By James Langton
(April 27 – 09:00 ET) – Markets look ready for a rough day after receiving a slew of negative economic data. The U.S. employment cost index is up 1.4% and GDP is running at a 5.4% rate. The higher than expected numbers are sparking inflation fears and stock futures are down deeply as a result.
Statistics Canada is reporting that average weekly earnings is rising at a 2.8% annual rate, slower than the U.S. and on pace with inflation.

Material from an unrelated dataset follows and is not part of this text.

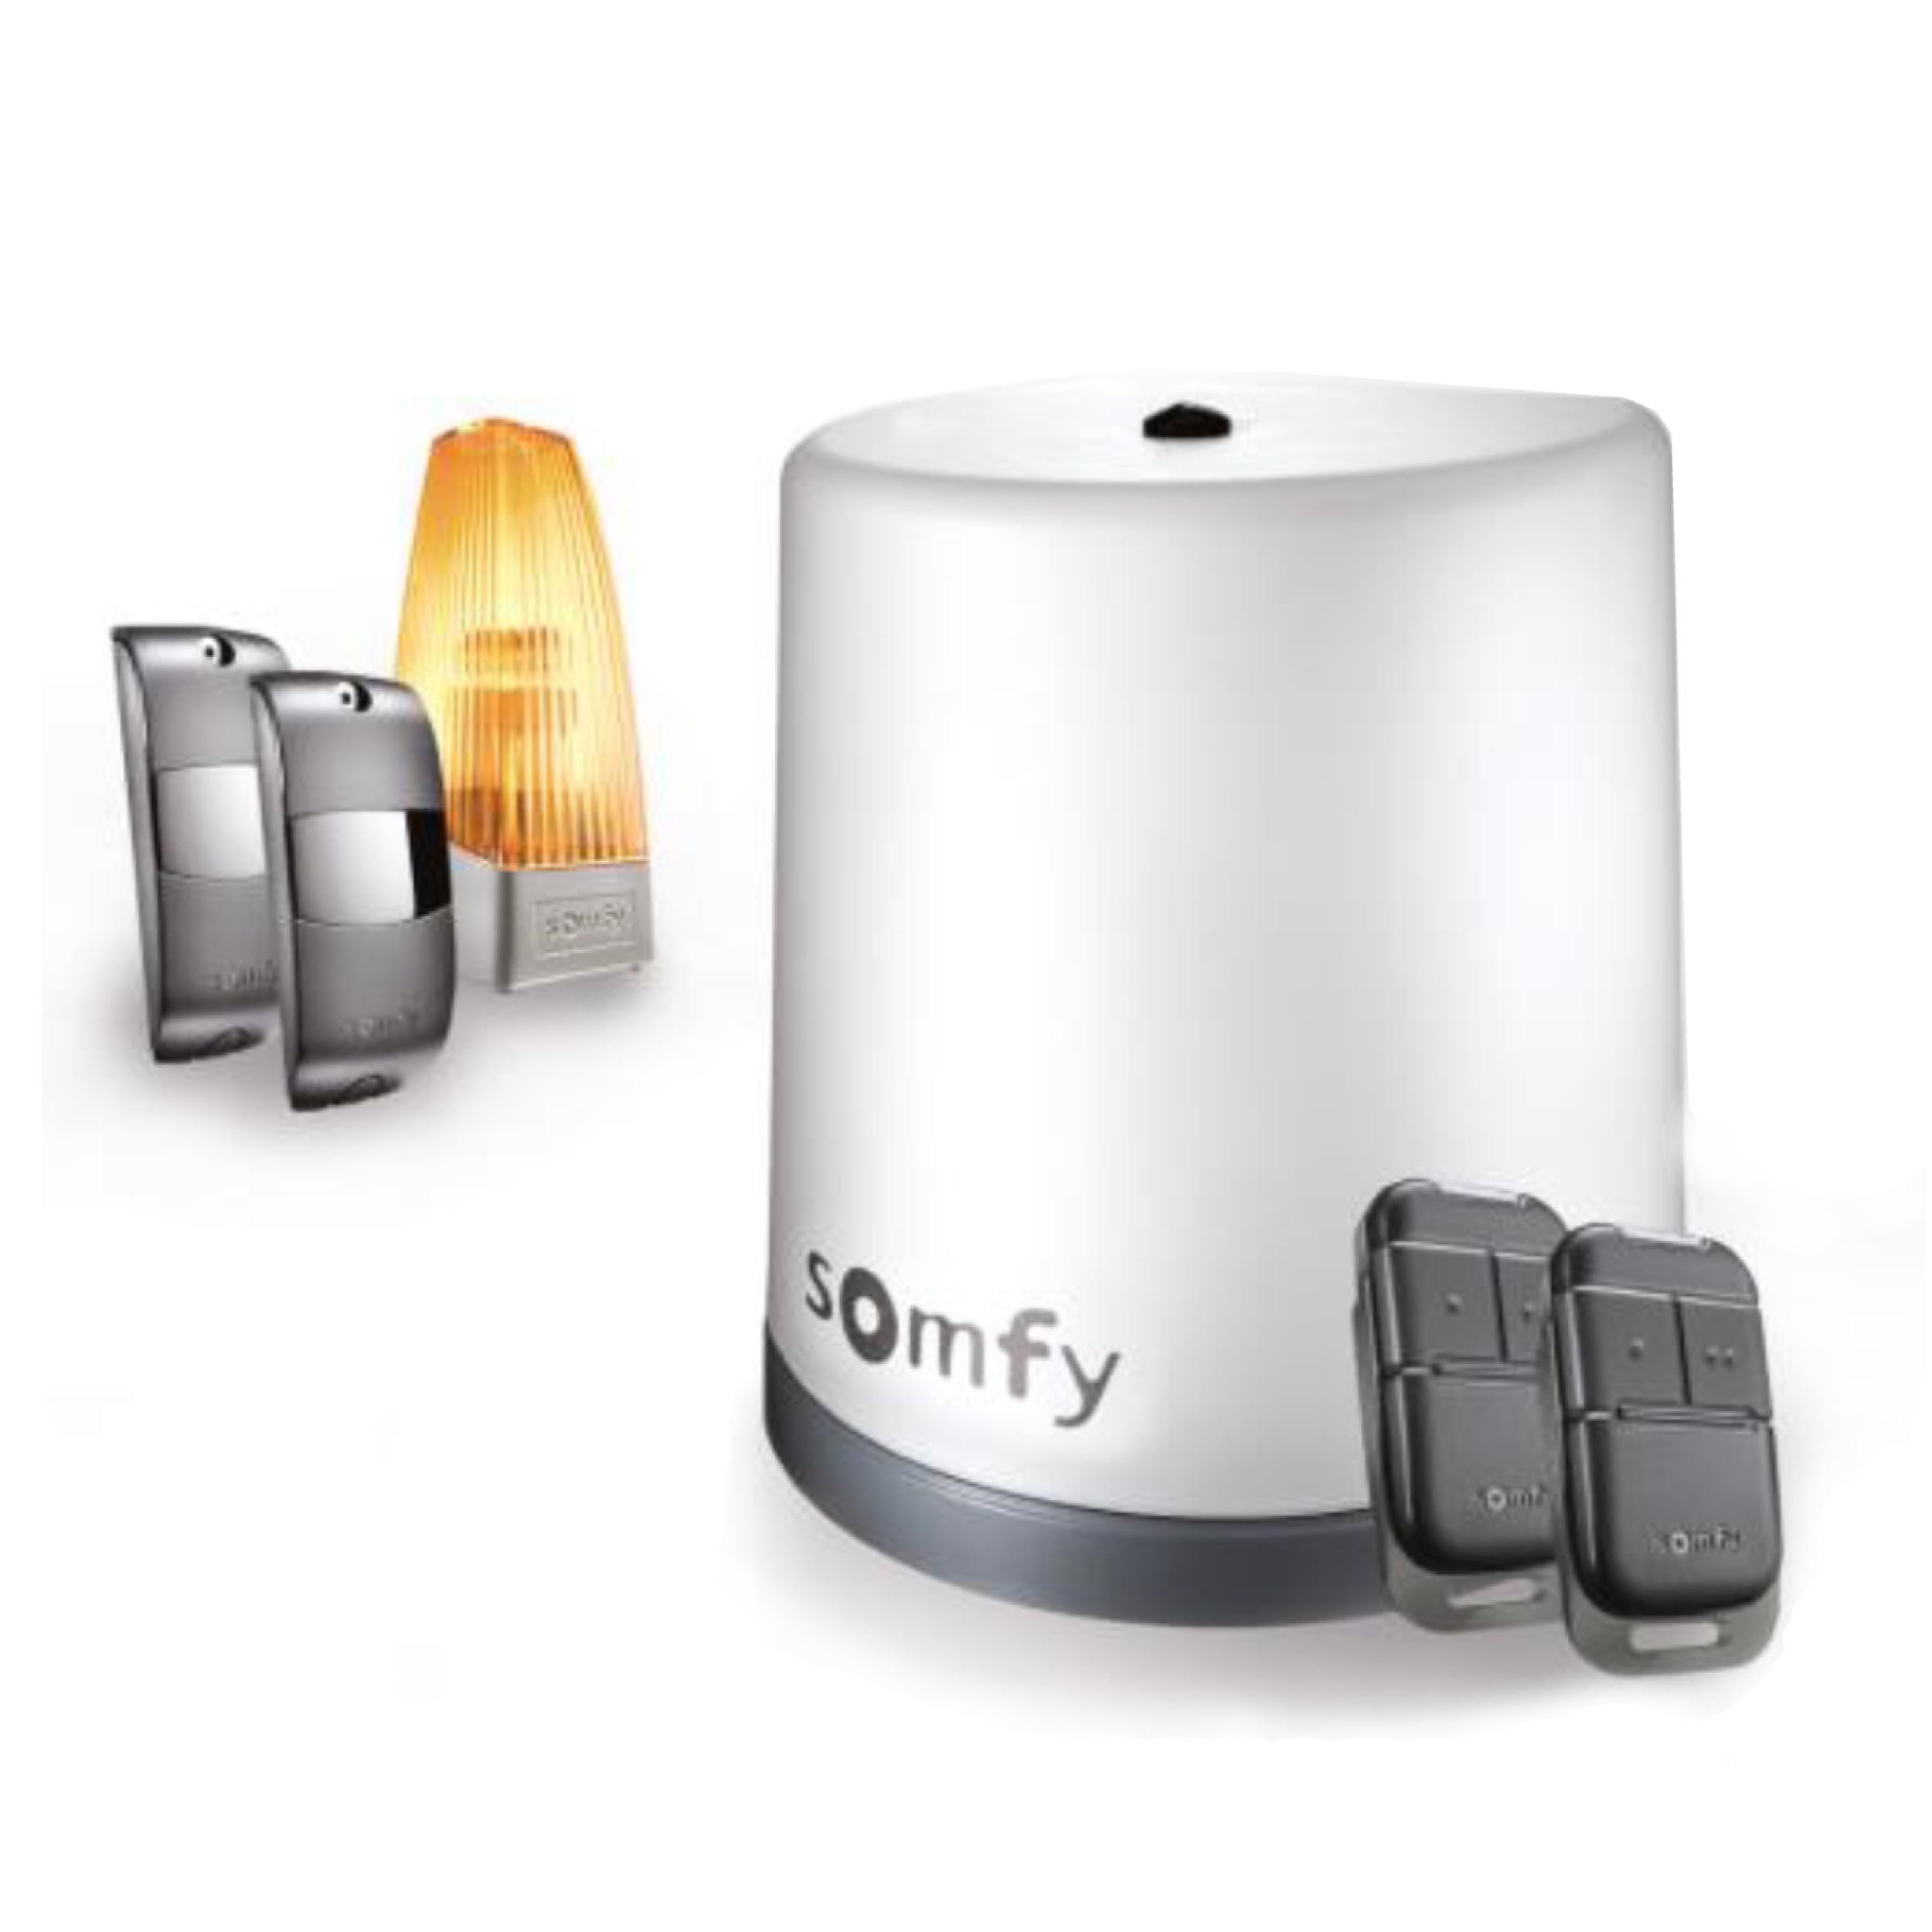 kit motorisation pour coulissant freevia 390 by somfy. Black Bedroom Furniture Sets. Home Design Ideas

In 1999, the year over year gain in average weekly earnings was strongest in September, 1.4%, and December, 1.3%. In the first two months of 2000, average weekly earnings grew by an estimated 2.2% in January and 2.8% in February. Increases in both hours and wage rates contributed to the earnings growth. The strongest employment gains were in Ontario and Alberta.
The European Central Bank has hiked rates 25 basis points as expected. Yet the Euro continues to slide. In Europe stocks were mixed ahead of the U.S. data. London’s FTSE has gained 21 points to 6277. France’s CAC 40 is down 37 points to 6353. The German DAX dropped 27 points to 7362.
In Asia stocks slipped overnight. Japan’s Nikkei dropped 115 points to 18,019. The Hang Seng was down 34 points to 15,192.
The only merger and acquisition news is that Standard Chartered PLC will buy ANZ Grindlays Bank Ltd. from Australia & New Zealand Banking Group Ltd. for US$1.34 billion.
Call-Net Enterprises Inc. reported a loss of $1.11 a share, down from last year’s 73¢ per share loss. Laidlaw Inc., which twice delayed the release of its second-quarter earnings, has now reported a $4.48 per share loss, compared to net income 5¢ per share in 1999. The huge loss came thanks to $1.6 billion in write-offs.